Disentangle-then-Align: Non-Iterative Hybrid Multimodal Image Registration via Cross-Scale Feature Disentanglement¶
Conference: CVPR 2026 arXiv: 2603.19623 Code: GitHub Area: Multimodal VLM / Multimodal Image Registration Keywords: multimodal registration, hybrid transformation, feature disentanglement, cross-scale consistency, Mamba
TL;DR¶
This paper proposes HRNet, which learns clean shared representations via cross-scale disentanglement and adaptive projection (CDAP), and jointly predicts rigid and non-rigid transformations in a unified coarse-to-fine pipeline without iteration, achieving state-of-the-art performance on four multimodal datasets.
Background & Motivation¶
Background: Multimodal image registration (e.g., RGB-thermal infrared, RGB-SAR) is foundational for cross-modal fusion. Existing deep learning methods commonly adopt multi-scale strategies to improve accuracy, but are typically limited to a single transformation type.
Limitations of Prior Work: (a) Most multi-scale frameworks support only rigid or non-rigid transformations — rigid transformations cannot handle local deformations, while non-rigid transformations distort structural integrity under large global offsets; (b) existing hybrid registration methods employ serial cascades (rigid followed by non-rigid), where rigid and non-rigid components are estimated in different feature spaces, making coordination difficult and causing downstream stages to inherit upstream errors; (c) shared feature extraction methods alleviate modality discrepancy, but constraints primarily act on the shared component, while modality-private information still leaks into the shared space.

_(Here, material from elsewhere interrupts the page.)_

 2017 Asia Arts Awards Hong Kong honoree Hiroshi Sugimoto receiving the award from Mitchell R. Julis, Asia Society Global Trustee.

Key Challenge: How to simultaneously estimate global rigid alignment and local non-rigid deformation within a unified feature space, without interference from modality-private information?
Goal: Design a unified framework that simultaneously addresses: (a) modality-private leakage into the shared feature space; (b) coordinated estimation of rigid and non-rigid transformations.

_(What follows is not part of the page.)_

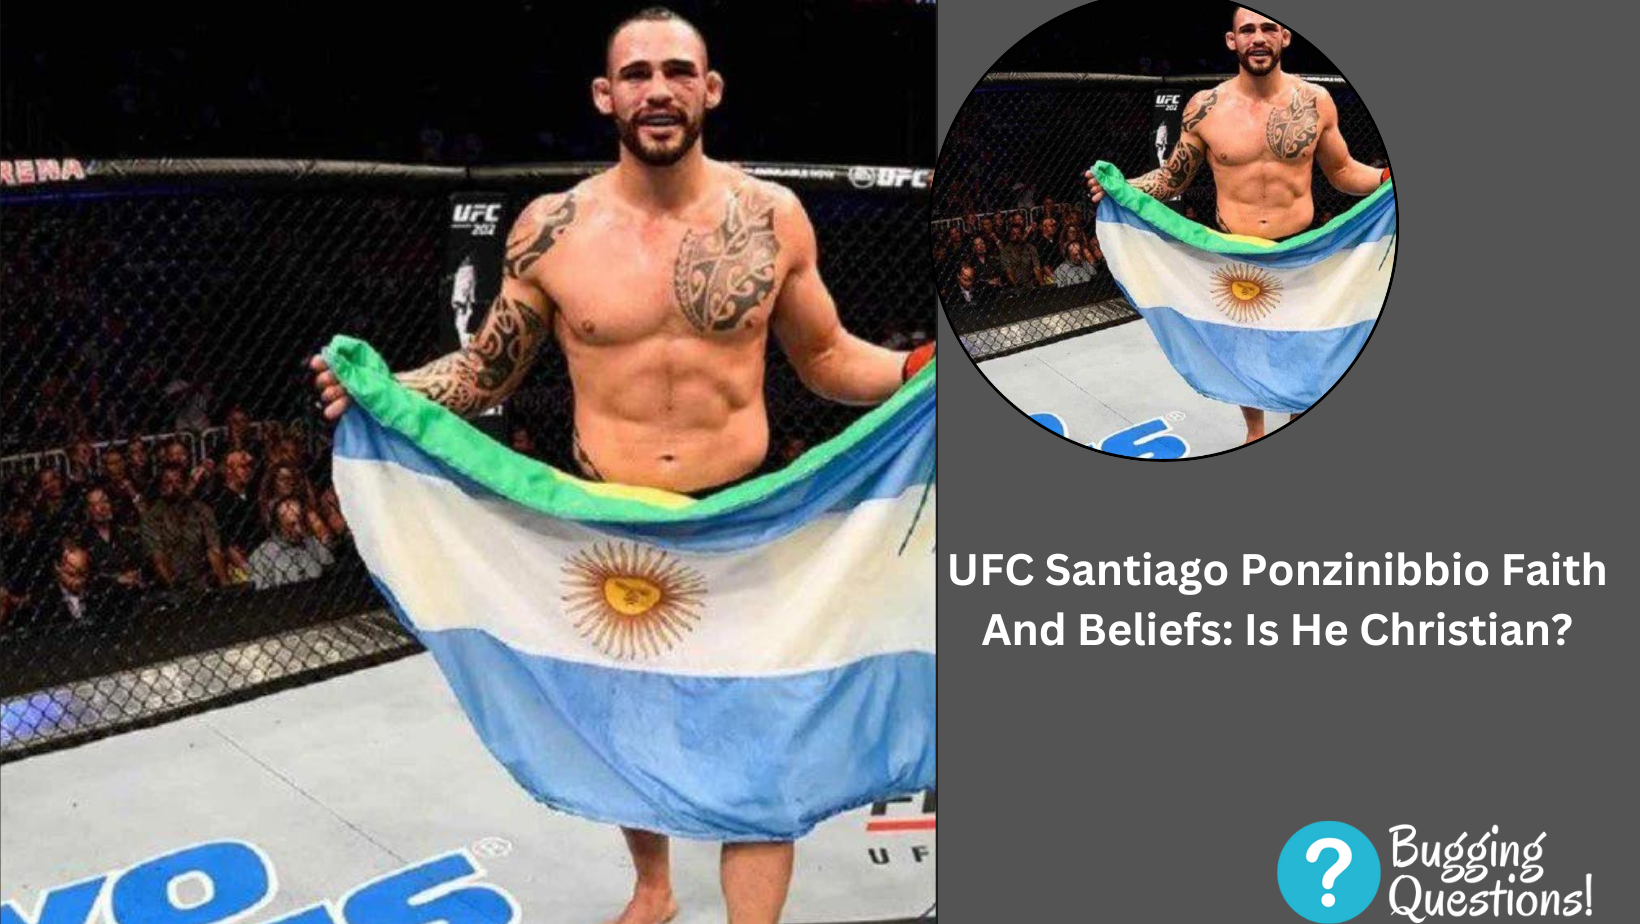 UFC Santiago Ponzinibbio Faith And Beliefs: Is He Christian?

Key Insight: "Disentangle-then-Align" — first learn clean multi-scale shared representations via CDAP, then jointly predict hybrid transformations in HPPM.
Core Idea: Representation disentanglement (cross-scale gating + adaptive projection) + hybrid parameter prediction (rigid + non-rigid within a unified coarse-to-fine pipeline) = a unified deformation field produced in a single forward pass.
Method¶
Overall Architecture¶
Given fixed image \(I_f\) and moving image \(I_m\), the pipeline proceeds in three stages: (1) a shared backbone with MSBN extracts multi-scale features \(F, M\); (2) the CDAP module disentangles these into clean shared features \((\hat{F}^s, \hat{M}^s)\); (3) HPPM predicts the hybrid transformation \(\phi\) in a coarse-to-fine manner, which is used to warp \(I_m\).
Key Designs¶
-
CDAP: Cross-Scale Disentanglement and Adaptive Projection:
- Function: Follows a decompose-gate-project pipeline to learn clean multi-scale shared representations.
- Mechanism:
- Decompose: At each scale, a shared-weight extractor \(E_{sh}^i\) extracts modality-agnostic shared components, while modality-specific extractors \(E_{pf/m}^i\) extract private components.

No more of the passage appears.